Russia Woos Muslim World With Guns And Diplomatic Roses
President Putin shows off his diplomatic strut. |
Moscow (AFP) Mar 13, 2006
The huge arms deal with Algeria that Moscow announced on Friday demonstrates Russia's determination to resurrect influence in the Muslim world through weapons exports and challenges to Western-dominated diplomacy, analysts said.
Flush with oil and gas revenues and buoyed by its presidency of the Group of Eight, Russia is becoming a significant player -- and competitor with the United States -- in the Middle East for the first time since the Soviet crash of 1991.
The latest sign of President Vladimir Putin's drive to reestablish Russian clout was the announcement during his flying visit to Algeria on Friday of weapons sales worth 7.5 billion dollars (6.3 billion euros). Russia also agreed to cancel Algeria's Soviet-era debt.

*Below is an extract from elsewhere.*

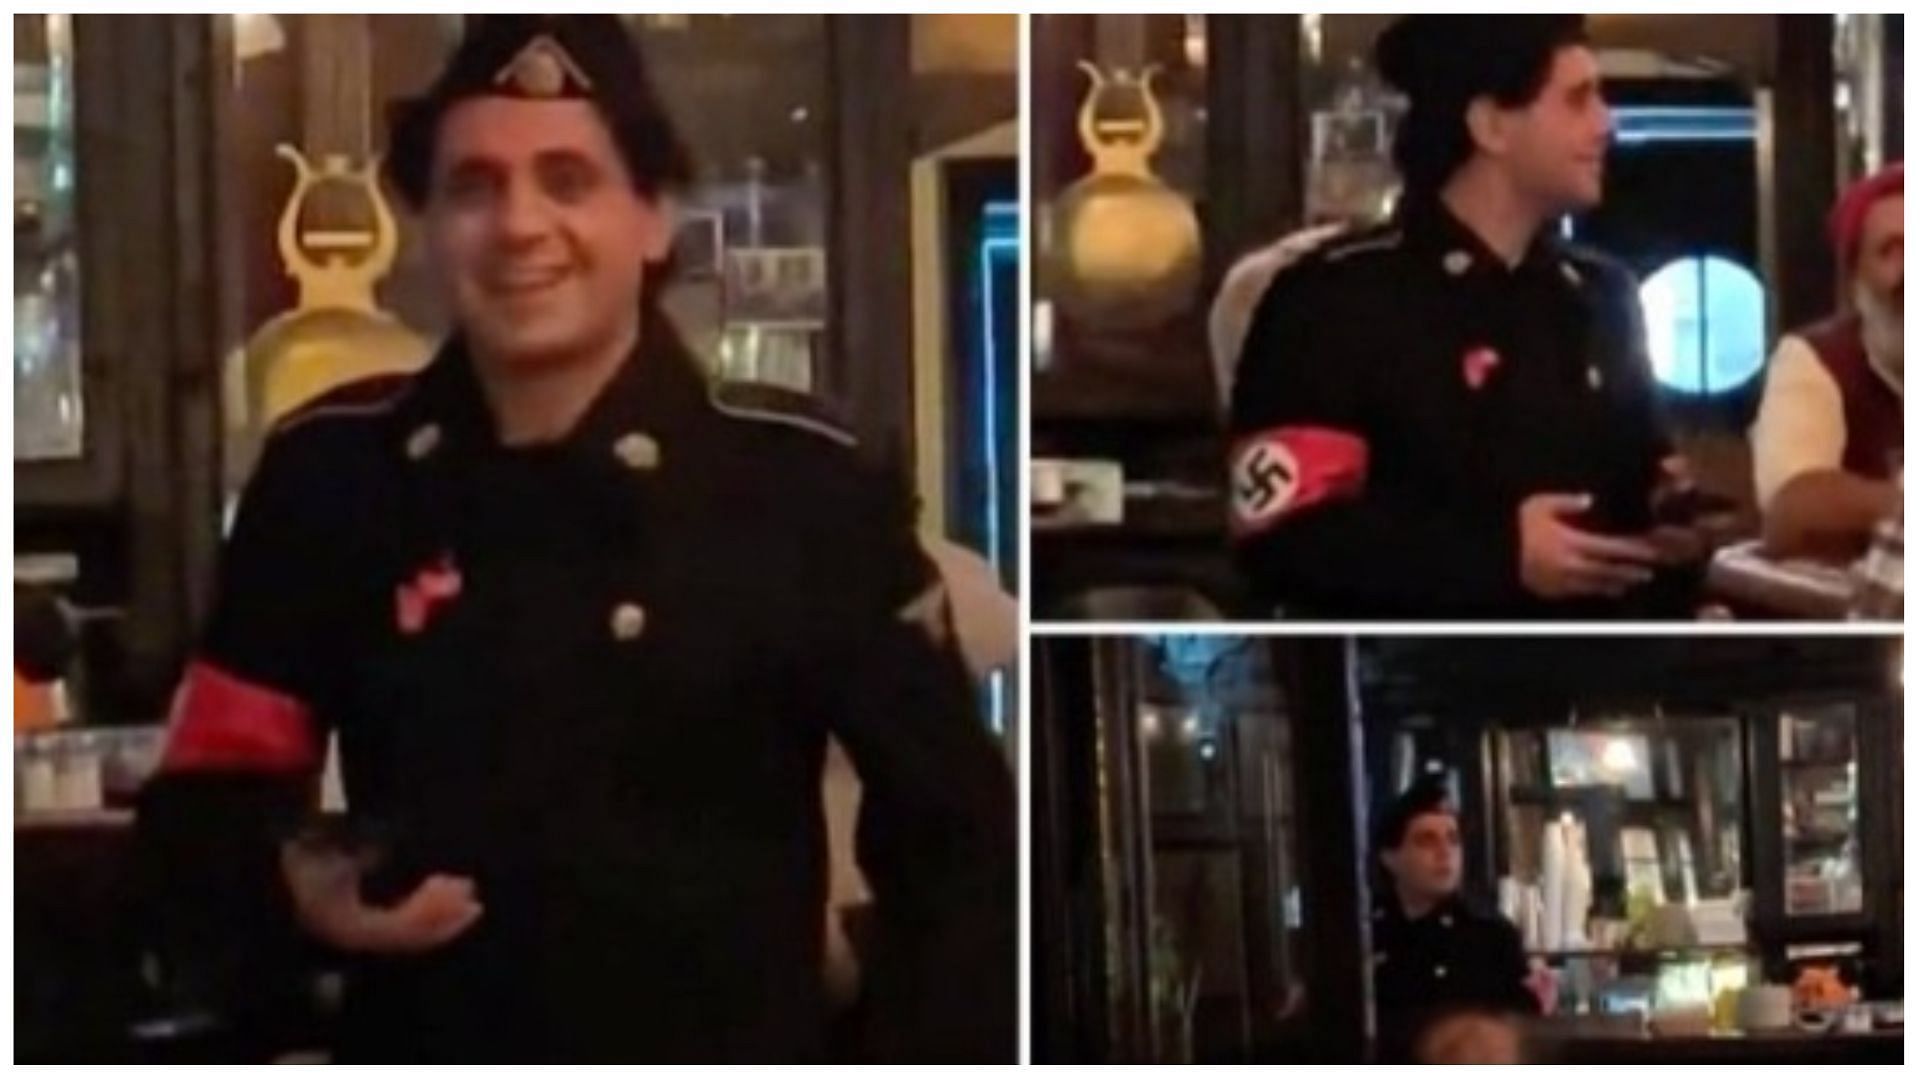 Viral video shows man dressed in Nazi uniform ordered out of Manhattan bar (Image via Twitter/Owen333)

Weapons are one of Russia's few internationally competitive products. In 2005 the export agency Rosoboronexport announced its best sales for years at 6.1 billion dollars, mostly to China, India and former Soviet client states in the Muslim world and Asia.
But Moscow's simultaneous writing off of 4.7 billion dollars of debt reveals the political nature of the arms trade, analysts said.

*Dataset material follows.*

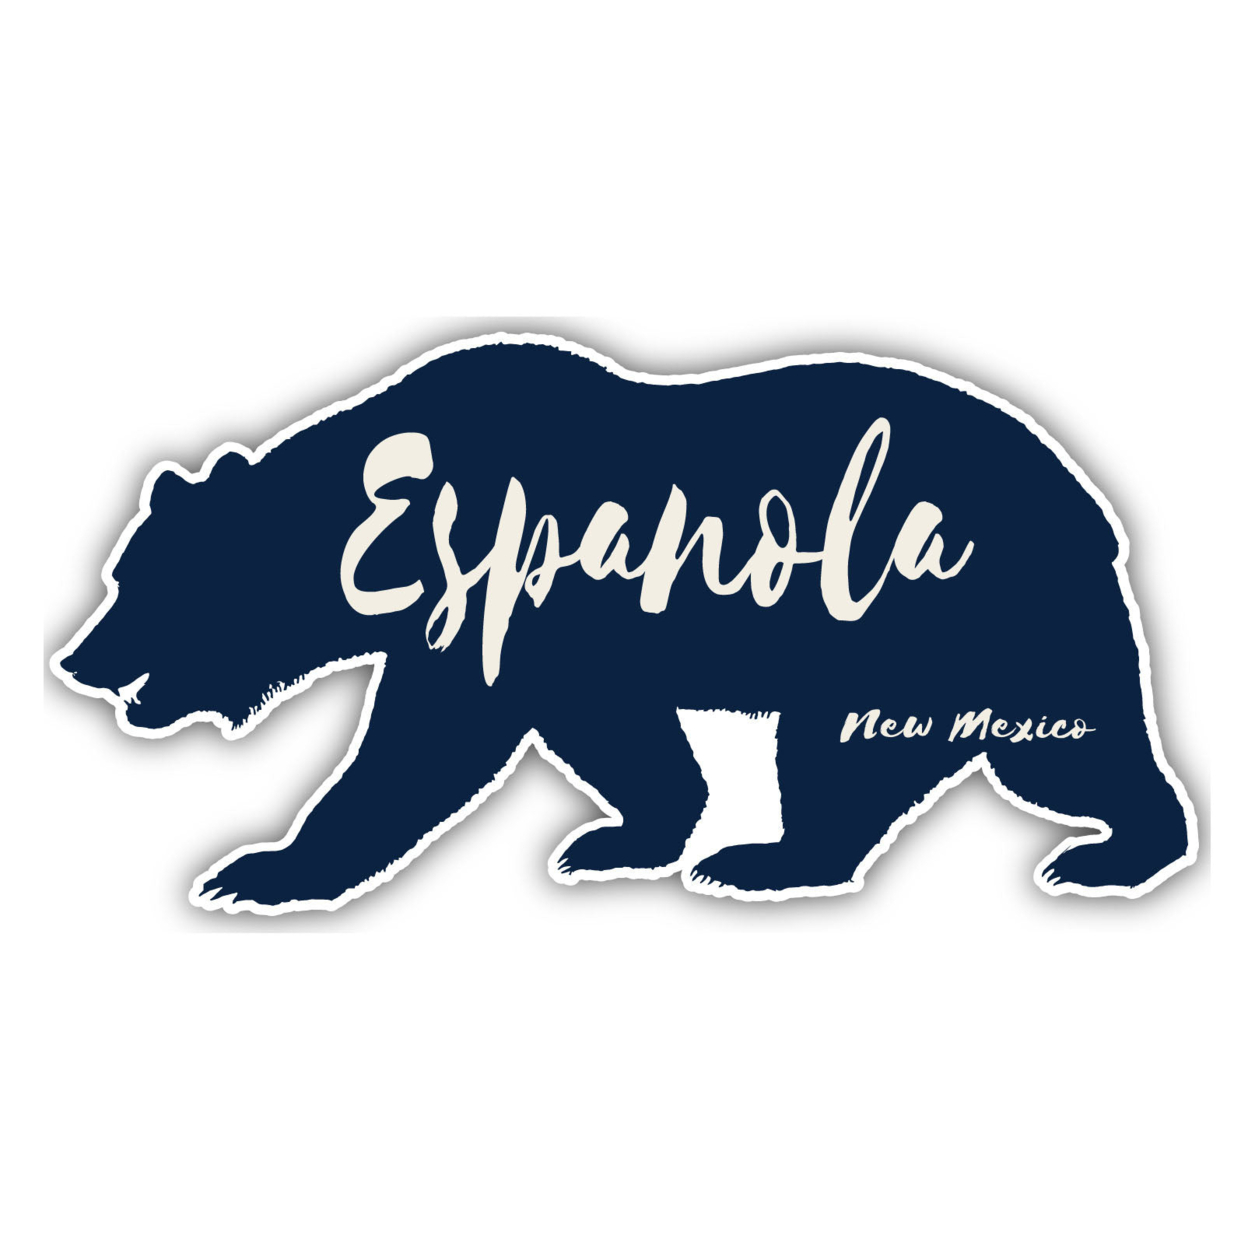 Espanola New Mexico Souvenir Decorative Stickers (Choose Theme And Size) - 4-Pack, 10-Inch, Bear

"There has never been a deal like that in the history of Russian military-industrial partnerships," the Kommersant business daily said on Saturday. It suggested that the real value of contracts might not have been more than 5.5 billion dollars.
"This visit was part of Russia's general policy in the Middle East," Alexei Malashenko, an analyst at the Carnegie Centre in Moscow, told AFP on Friday.
"Russia is coming back. The geopolitical strategy has changed. The rapprochment with the West is over and Russia is taking its own route."
That new strategy -- kick-started in April 2005 when Putin became the first Kremlin leader to visit Israel and the Palestinian territories -- coincides with a distinct cooling of relations between Moscow and Washington.
But Russia presents itself less as a competitor than an East-West middleman.
As builder of Iran's sole civilian nuclear power plant, Moscow says it can help resolve Tehran's standoff with the international community over a suspected secret weapons programme. In the only compromise plan on the table, Russia would assume responsibility for Iran's uranium enrichment.
Russia also ignored Israeli and Western suspicion at the start of March to hold talks with Hamas, arguing that the militant group, which is now the ruling party in the Palestinian territories, should be engaged, not made a pariah.
Another Western bugbear -- Syria -- will be allowed into Russia's diplomatic limelight this week when Foreign Minister Sergei Lavrov and his Syrian counterpart Walid Muallem meet in Moscow.
Russia has been at odds with European powers and the United States over how to ensure Syria's cooperation with a UN probe into suspicions of Syrian links to the murder of Lebanese ex-premier Rafiq Hariri.
Russia wants Syrian cooperation, Lavrov said ahead of the Moscow talks, but not for the issue to be used for "political means". All these initiatives add up to a bold but risky policy that could leave Russia isolated, Malashenko warned.
"It's important these initiatives bring results, because otherwise they will boomerang on Russia," he said.